The 167-member group, which includes the owners of lodgings in Wildwood, Wildwood Crest and North Wildwood, announced yesterday that it is suing the state Division of Taxation to compel it to collect the proper taxes on condos and other facilities rented on a transient basis.
There are at least 100 such facilities in the Wildwoods, and thousands more statewide, where the units are rented by the building owner, the association charged. It is unclear whether individual Shore home rentals would be affected.
In its suit, filed in the Tax Court of New Jersey in Mercer County, the association contends that dozens of condominium buildings in the Wildwoods - many of them former motels - are being run as temporary lodging facilities and should collect the 12 percent sales and occupancy tax that the state requires motels and hotels in the resort to charge.
State statutes stipulate that any room rented on a "transient" basis is to be taxed, said Frank L. Corrado, a Wildwood lawyer who is representing the association.
A spokeswoman for the Division of Taxation declined to comment on the suit.
In 2003, the state imposed a 5 percent room occupancy tax over and above the sales tax, which was then 6 percent. The sales tax is now 7 percent.
In municipalities such as the Wildwoods, where a 2 percent hotel/motel tax was already in place, the state agreed to pocket only 3 percent of the new 5 percent occupancy tax. The other 2 percent of the tax collected here goes to fund the resort's advertising and marketing budget.
Because they do not collect any taxes, the association said in its suit, so-called "condotel" operators have an unfair advantage.
For a week in a room that costs $200 a night, a vacationer can save $168 in taxes by booking a condotel.

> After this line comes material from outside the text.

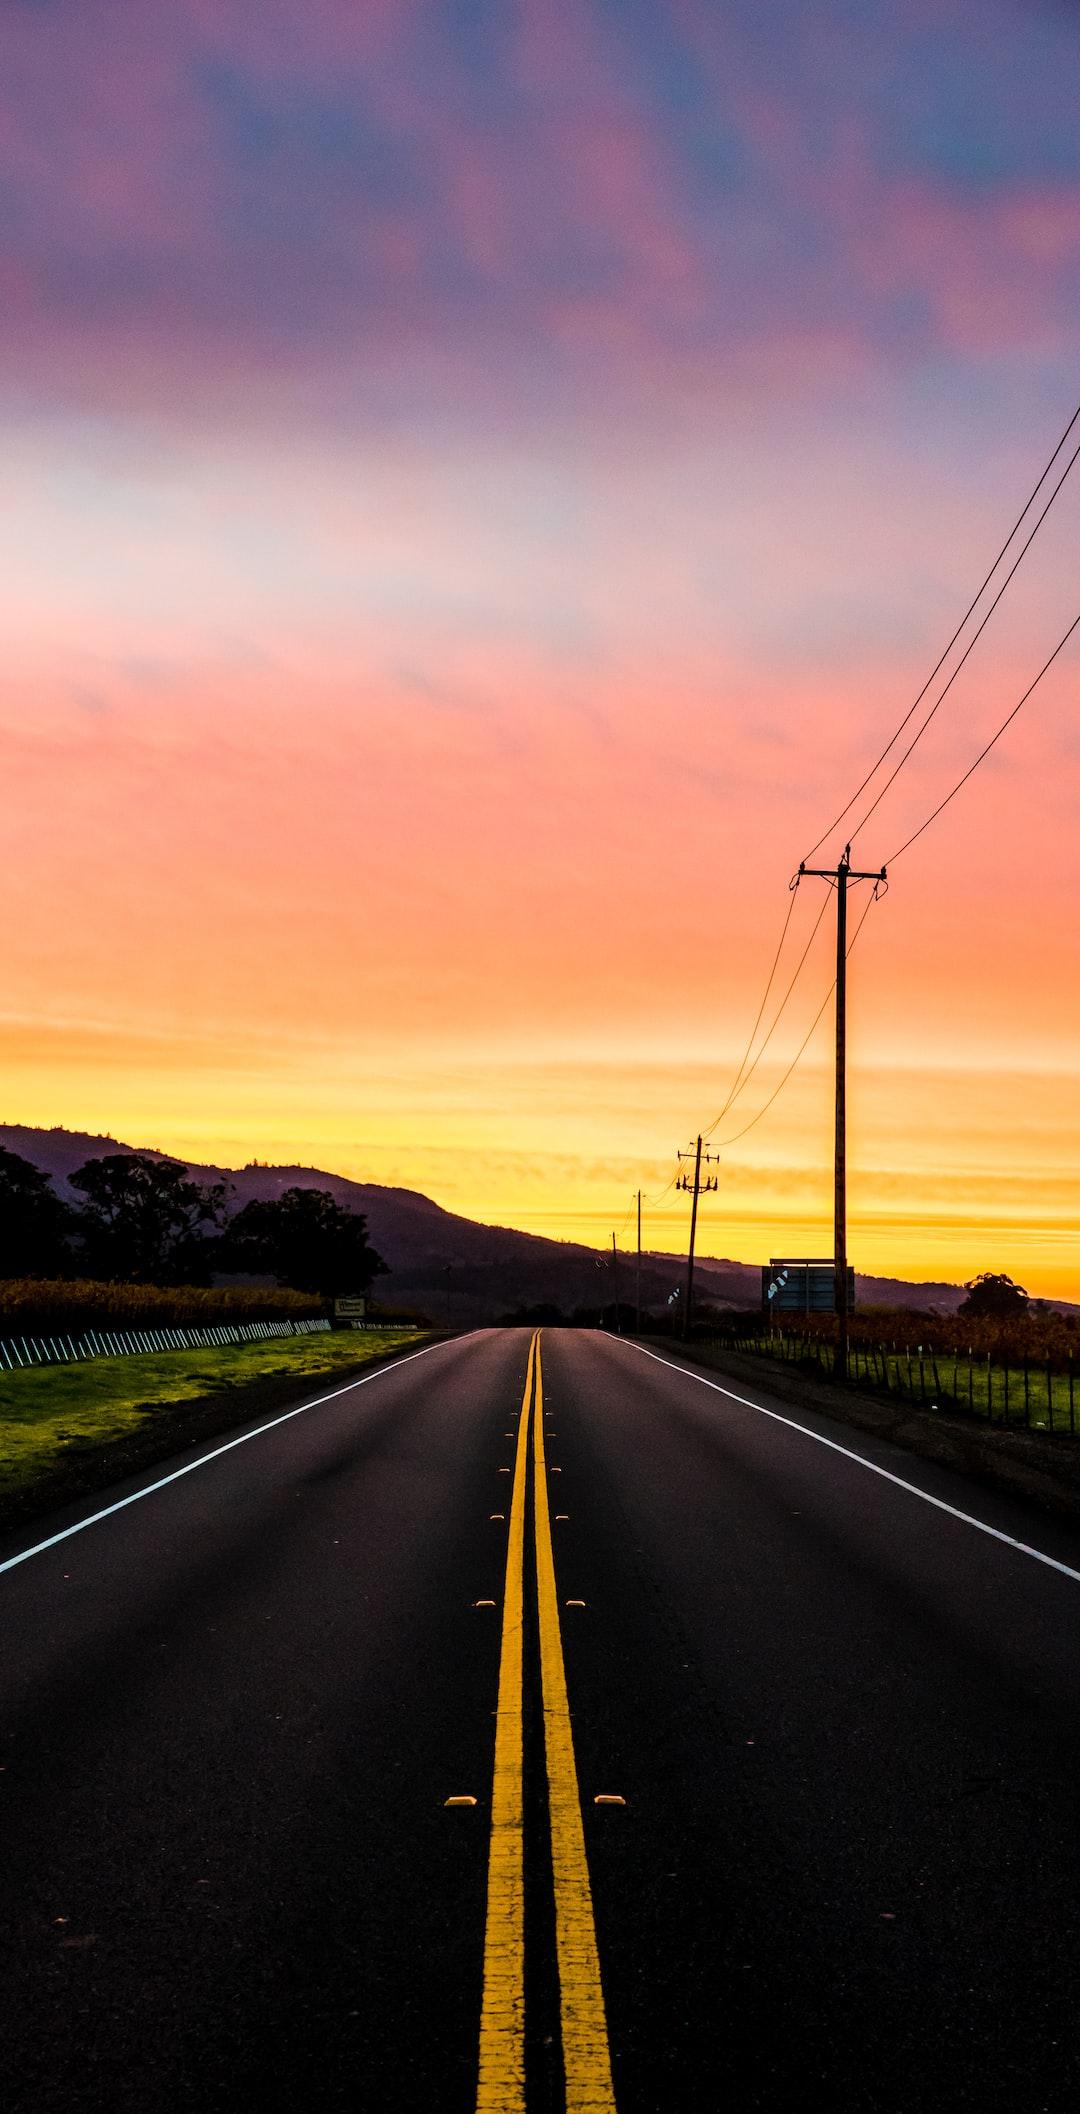 Sunrise in Sonoma county California

"In the last decade, a new trend has developed in the accommodations industry," the suit said. "Buildings organized under condominium form of ownership are being operated with rooms rented as motel units on a daily basis.
"The conversion of properties from traditional hotels to condotels has been hastened by the tax advantage conferred upon them by the state," the suit said.
The condo hotels have even begun to use the appearance of a discount - a 12 percent savings over traditional motel and hotels - in their marketing, said Bruce Smith, chairman of the Greater Wildwood Hotel & Motel Association.
"All we're looking for is a level playing field," said Smith, who owns the Tangiers Motel in Wildwood Crest.